Monter à cheval «en yoga» n’est rien d’autre qu’entrer en résonance avec le Tao du cheval pour faire corps avec son mouvement, sans l’intervention de la volonté et sans que l’ego vienne perturber l’harmonie de la relation. C’est à la fois simple et presque inaccessible sans entamer une démarche du corps et de l’esprit qui permet d’accéder à l’attitude juste, celle qui donne à tous les gestes du cavalier une certaine qualité de présence, depuis le ramassage du crottin jusqu'à l’exécution des figures de haute école.
Le Tao des chevaux n’est pas à vendre
Le prince de Tchao avait une passion immodérée pour la course de chars. Il avait pendant des années pris des leçons avec son cocher qui était un maître aurige réputé. Mais chaque fois que le prince courait contre celui-ci, il arrivait le dernier, même s'il avait pris pour attelage les meilleurs coursiers de ses écuries. Un jour où il fut encore vaincu devant toute sa cour assemblée, le seigneur descendit furibond de son char et dit à son cocher:
- Je vous ai offert des robes de brocart, des pierres précieuses, des jades d'une valeur inestimable en échange de vos services. Mais vous, ingrat, vous ne m'avez pas encore appris tous vos secrets!
- Sire, tout ne s'achète pas.
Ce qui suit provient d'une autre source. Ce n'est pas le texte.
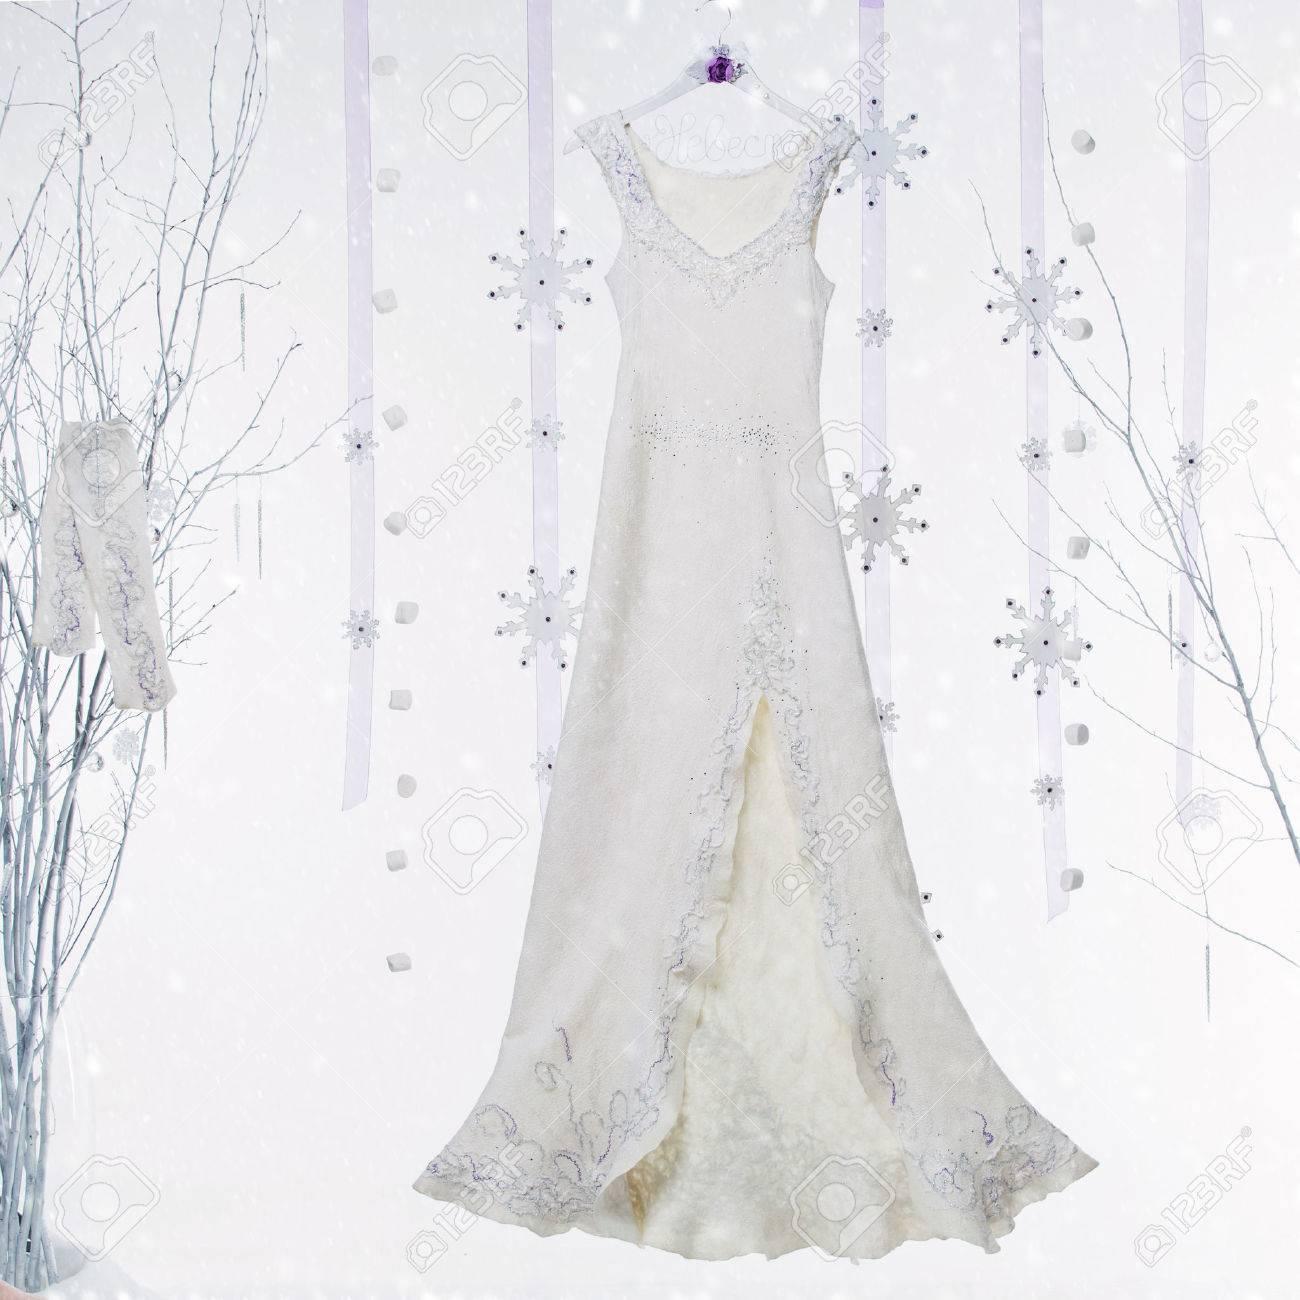 Schönes Weißes Langes Gefilztes Hochzeitskleid Mit Lila Details ...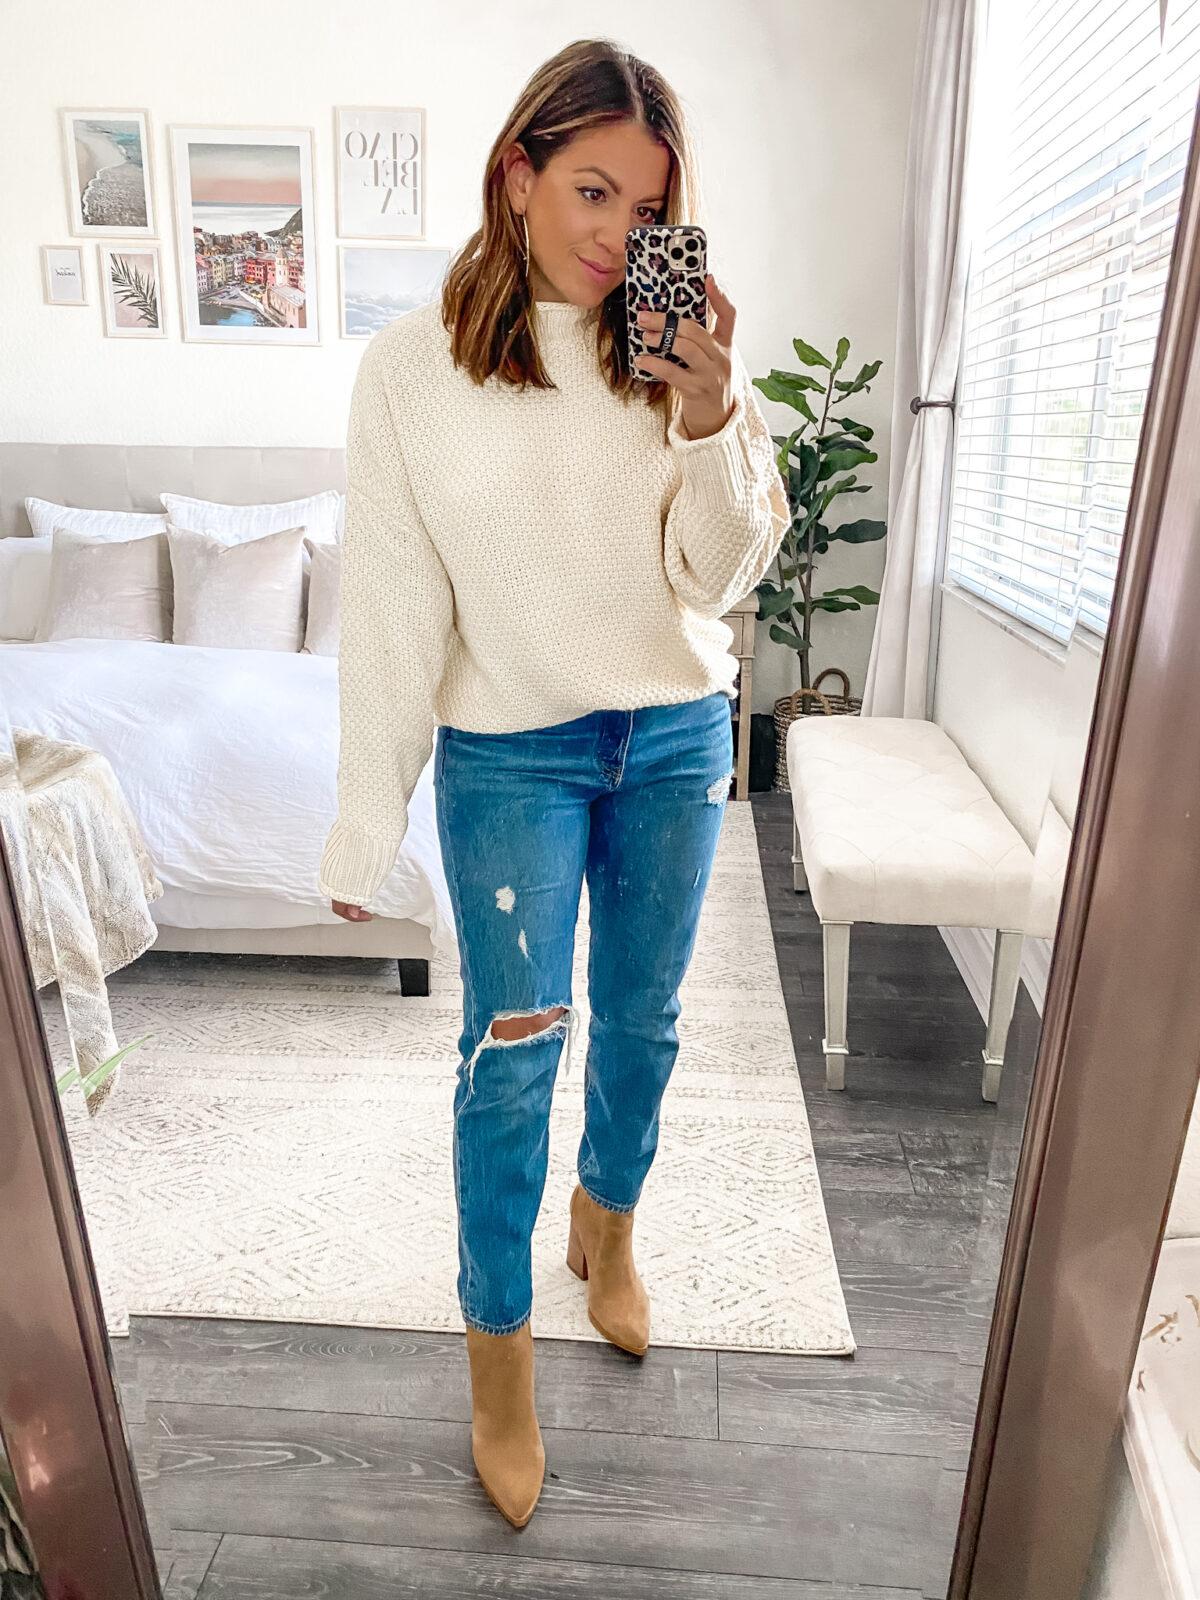 Amazon Sweater, Free People dupe, Jaime Cittadino fashion blogger

Je ne peux vous vendre le Tao des chevaux.
- Que voulez-vous dire?
- Un bon cocher doit faire le vide dans son esprit pour s'unir au souffle de ses coursiers. Quand vous êtes en tête, vous avez peur que je vous devance. Quand vous êtes derrière moi vous ne pensez qu'à me dépasser. Votre esprit est toujours concentré sur moi. Comment voulez-vous alors faire corps avec vos chevaux, être en harmonie avec leur Tao?